Often, when Nevada residents think of closing an estate, they think of distributing the decedent’s assets to remaining loved ones. While this action is part of probate, the process does not focus solely on the assets of the estate. In fact, the executor will need to ensure that he or she properly addresses the remaining debts of the estate as well.
Handling someone else’s debt is not an easy task because it is not always immediately clear who is owed something from the estate. The executor will need to gather records of outstanding debts and notify creditors about the person’s passing. At that time, the creditors can make claims against the estate in efforts to receive at least a portion of what they are owed.

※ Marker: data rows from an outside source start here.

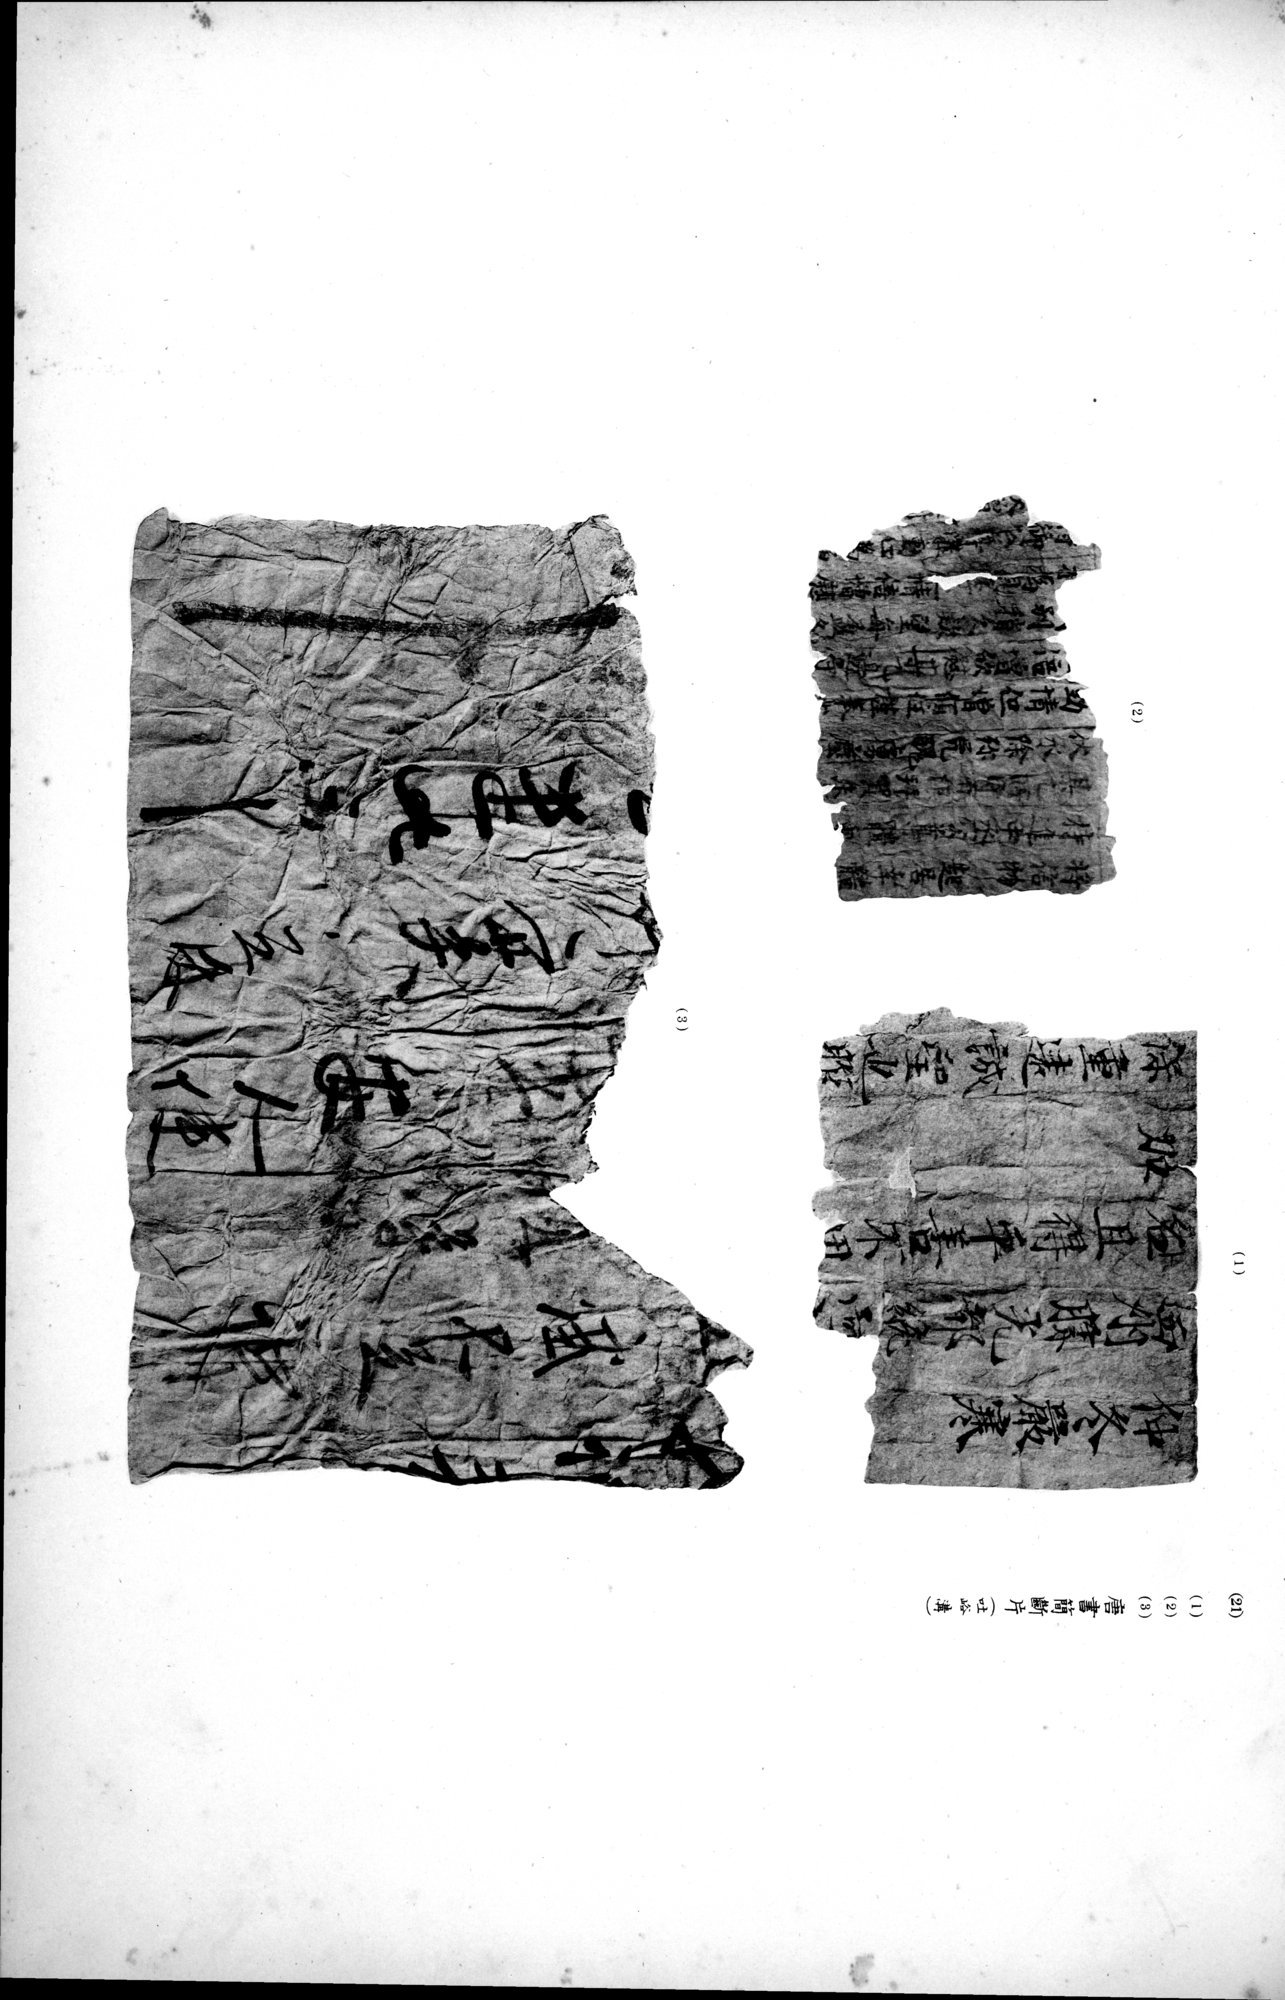 西域考古図譜 : vol.2 / Page 215 (Grayscale High Resolution Image)
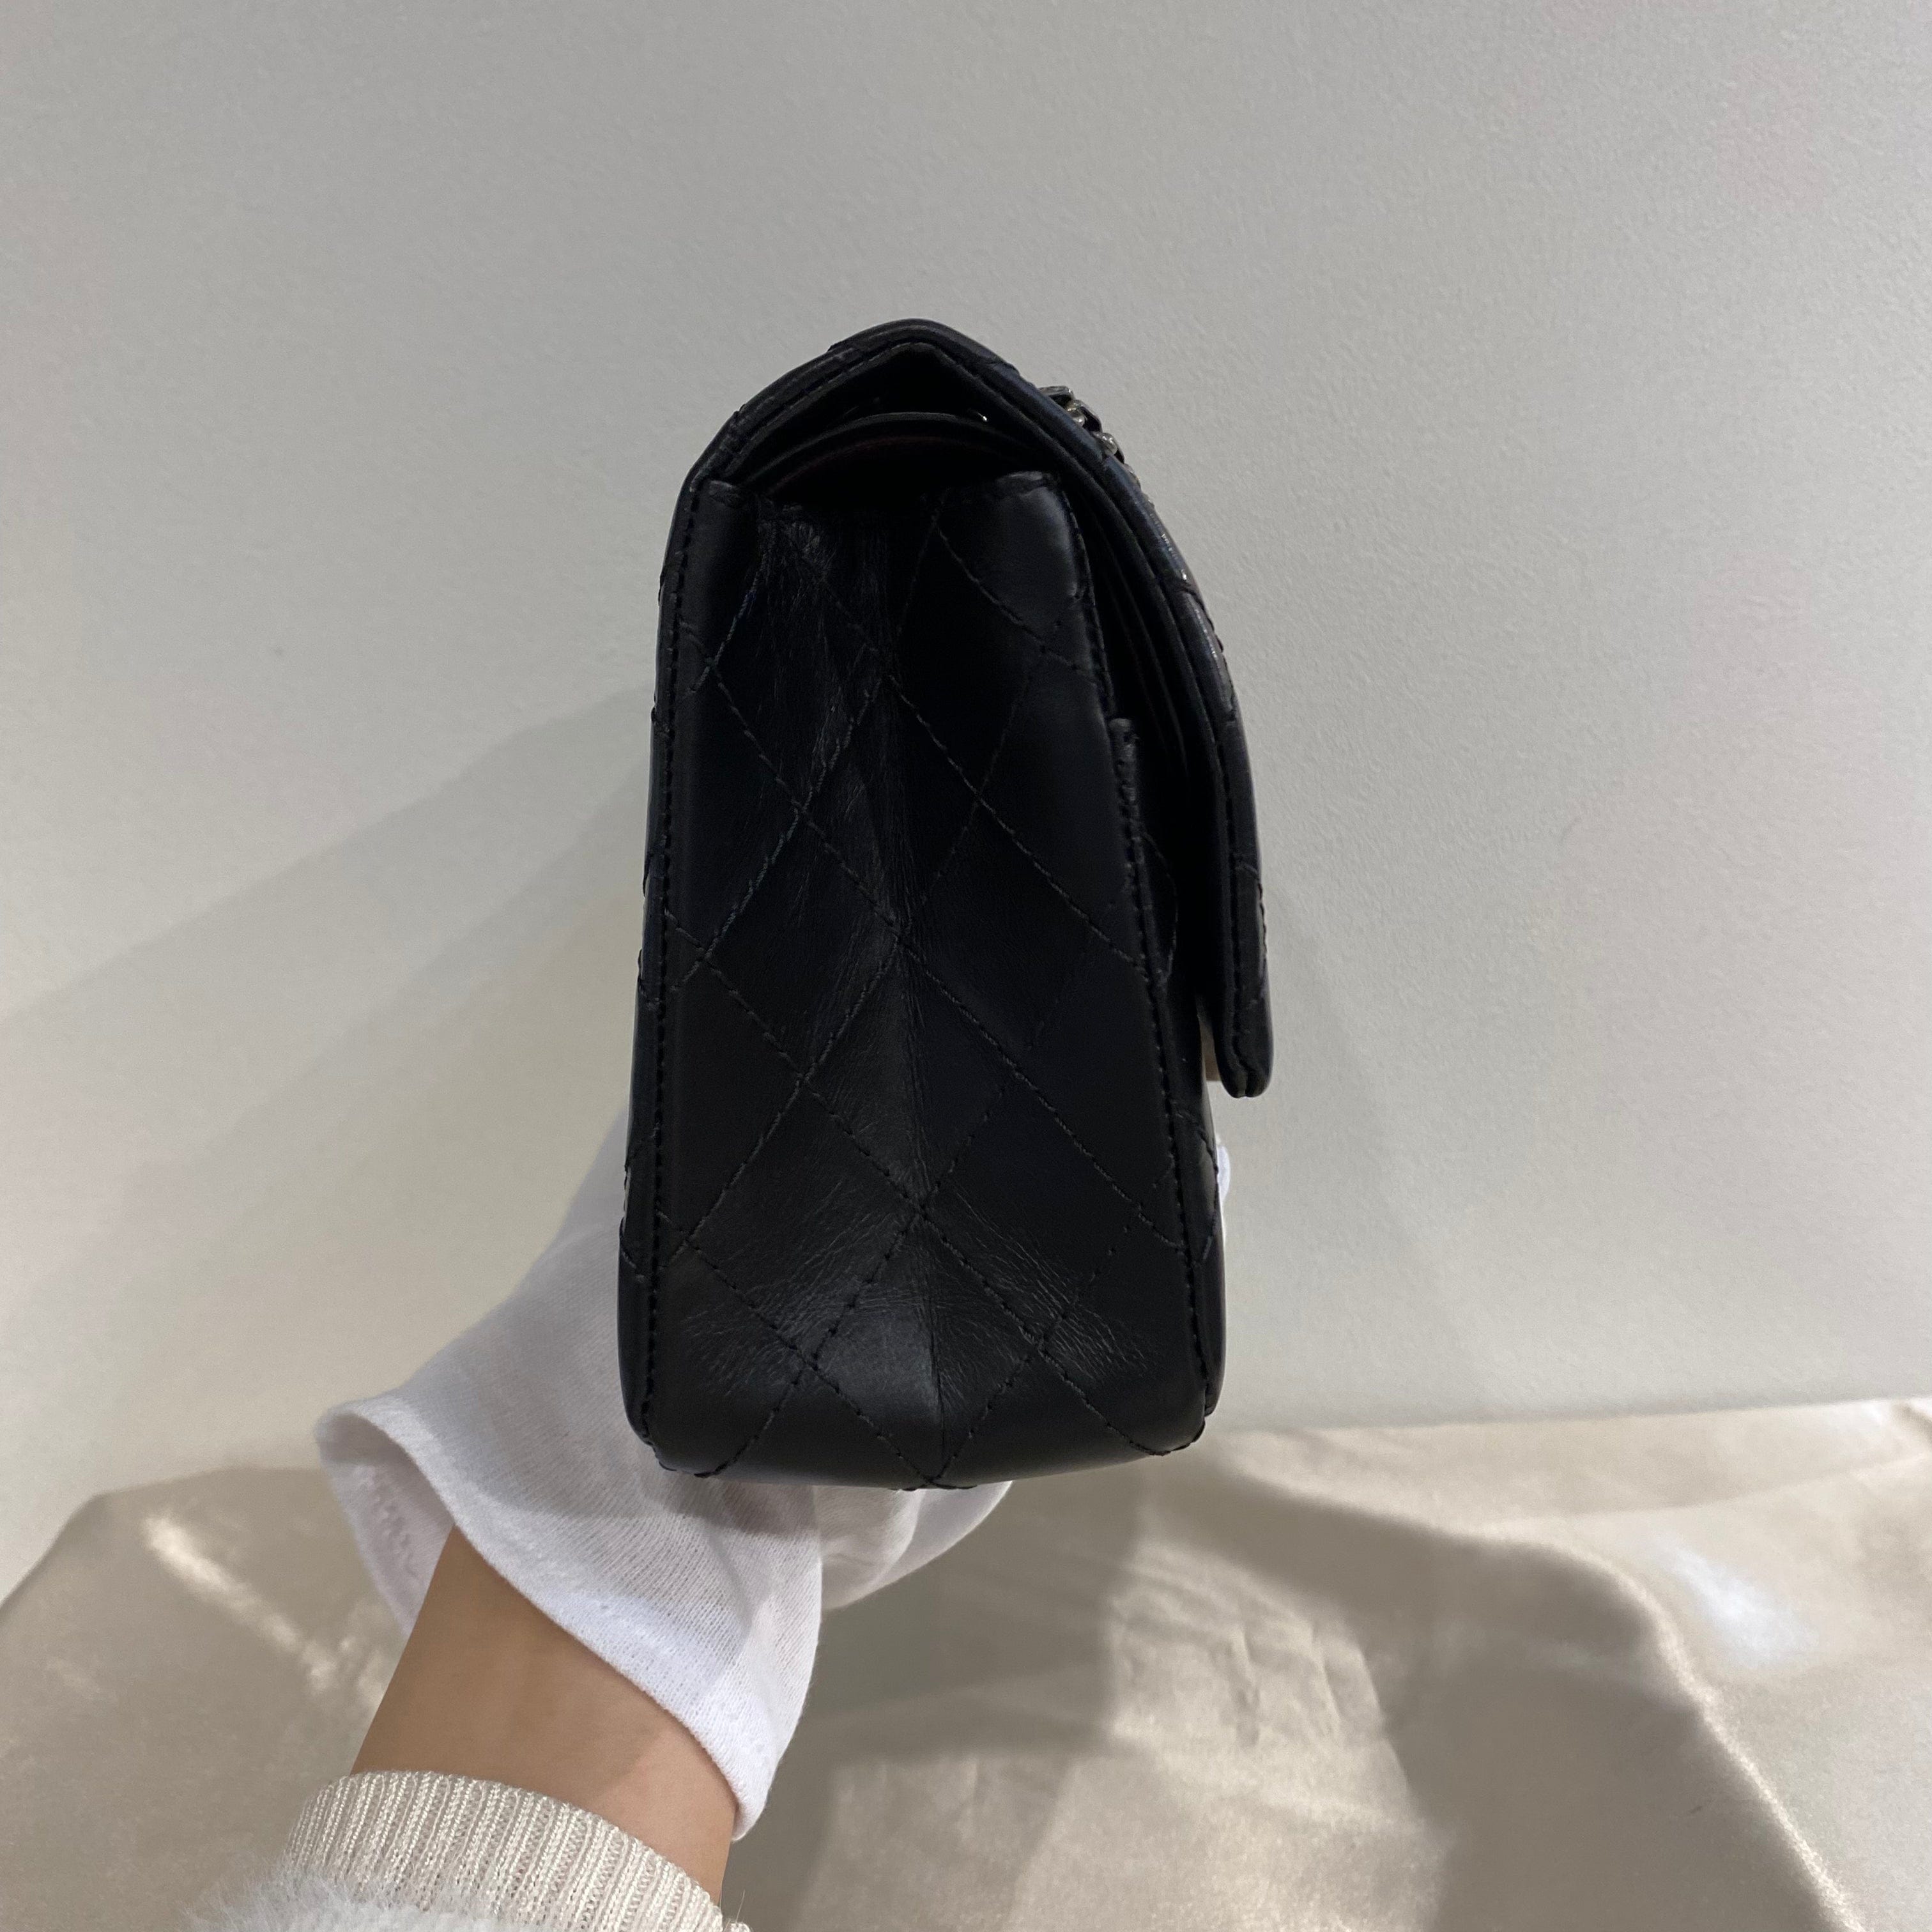 Chanel CHANEL 2.55 CHAIN SHOULDER BAG BLACK CALF SKIN 90214995
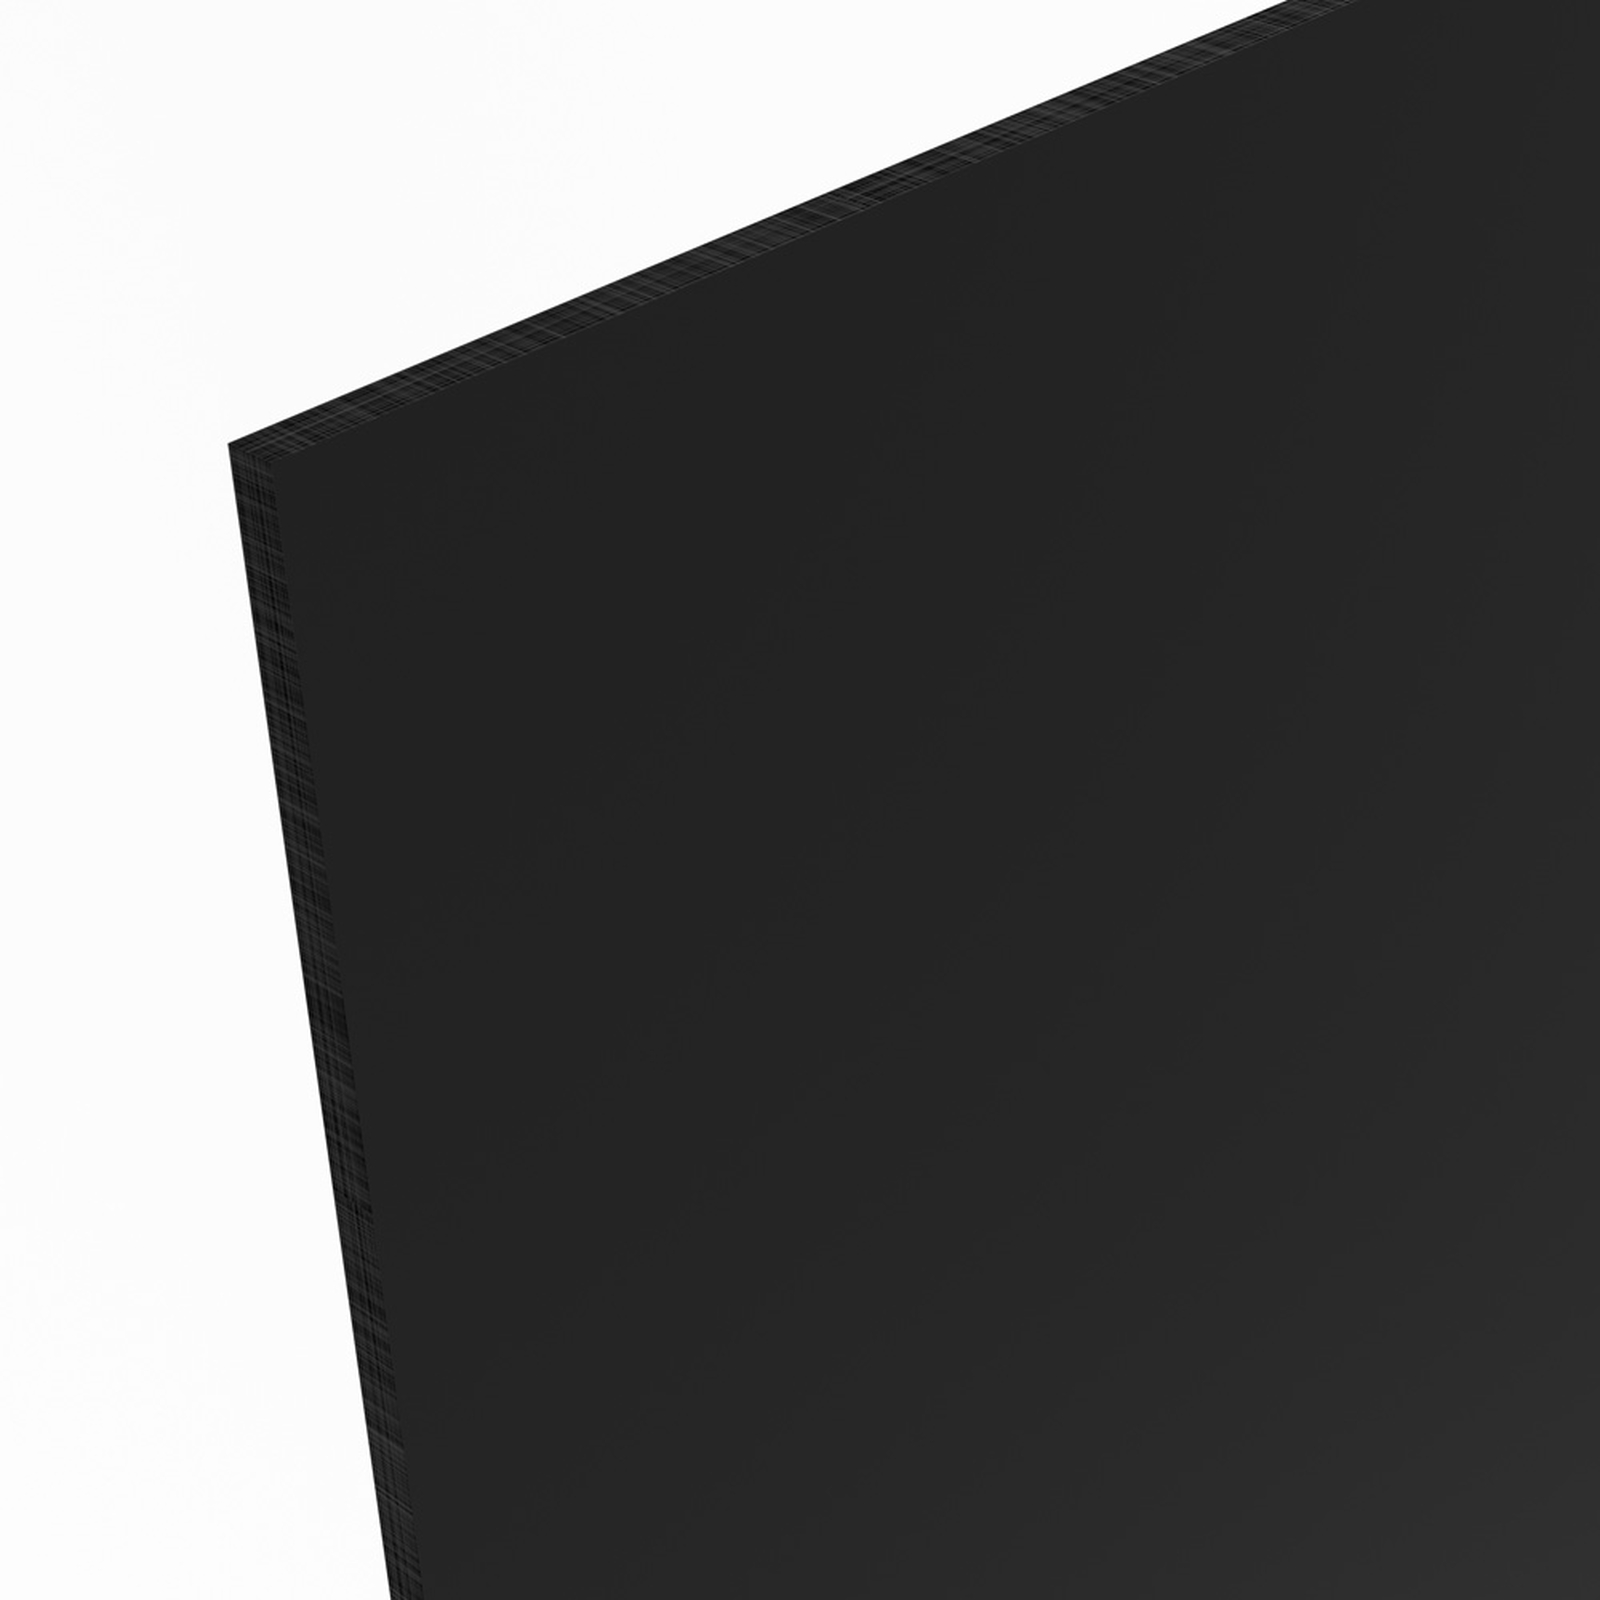 PLEXIGLAS® Acrylglas schwarz blickdicht 3mm Platte lichtundurchlässig

It is important to note that debts are paid through the remaining funds and assets of the estate and typically do not come out of the pockets of surviving loved ones unless a person is also associated with the debt, such as a co-signer on a loan. Still, paying debts out of remaining funds could mean that surviving family members will receive a lower inheritance than expected unless the assets are not included as part of the estate, which could include payable-on-death accounts such as:
- Retirement accounts
- Brokerage accounts
- Life insurance policies
- Other payable-on-death accounts with named beneficiaries
It is also essential that the executor handles the debts associated with the Nevada estate before distributing any assets to heirs or beneficiaries. If assets are distributed too early, there may not be enough funds left to cover necessary debts, which could result in the executor being liable for the outstanding balances. Because the order of events and other details of probate are crucial to understand, having professional legal help during this process is often beneficial.